#### [Assignment]
Take the line that contains "6 Pack Baby" as the first line and the final line of the records as the last; return exactly those lines and the lines between.

#### [The data]
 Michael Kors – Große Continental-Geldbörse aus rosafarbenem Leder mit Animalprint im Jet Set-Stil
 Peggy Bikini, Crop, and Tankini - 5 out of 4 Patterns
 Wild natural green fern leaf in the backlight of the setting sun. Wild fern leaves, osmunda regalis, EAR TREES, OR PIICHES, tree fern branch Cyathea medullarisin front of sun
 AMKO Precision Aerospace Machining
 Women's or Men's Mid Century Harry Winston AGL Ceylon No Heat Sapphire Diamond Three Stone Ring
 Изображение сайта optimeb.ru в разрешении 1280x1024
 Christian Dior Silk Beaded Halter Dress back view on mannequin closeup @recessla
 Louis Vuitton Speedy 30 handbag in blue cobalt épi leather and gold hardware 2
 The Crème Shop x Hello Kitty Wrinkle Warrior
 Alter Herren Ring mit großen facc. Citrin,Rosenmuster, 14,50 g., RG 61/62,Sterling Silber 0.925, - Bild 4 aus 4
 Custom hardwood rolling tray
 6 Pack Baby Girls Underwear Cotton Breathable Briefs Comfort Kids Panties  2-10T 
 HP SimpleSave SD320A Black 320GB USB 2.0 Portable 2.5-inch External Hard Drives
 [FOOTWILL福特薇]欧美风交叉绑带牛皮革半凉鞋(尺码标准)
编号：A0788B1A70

#### [Task output]
 6 Pack Baby Girls Underwear Cotton Breathable Briefs Comfort Kids Panties  2-10T 
 HP SimpleSave SD320A Black 320GB USB 2.0 Portable 2.5-inch External Hard Drives
 [FOOTWILL福特薇]欧美风交叉绑带牛皮革半凉鞋(尺码标准)
编号：A0788B1A70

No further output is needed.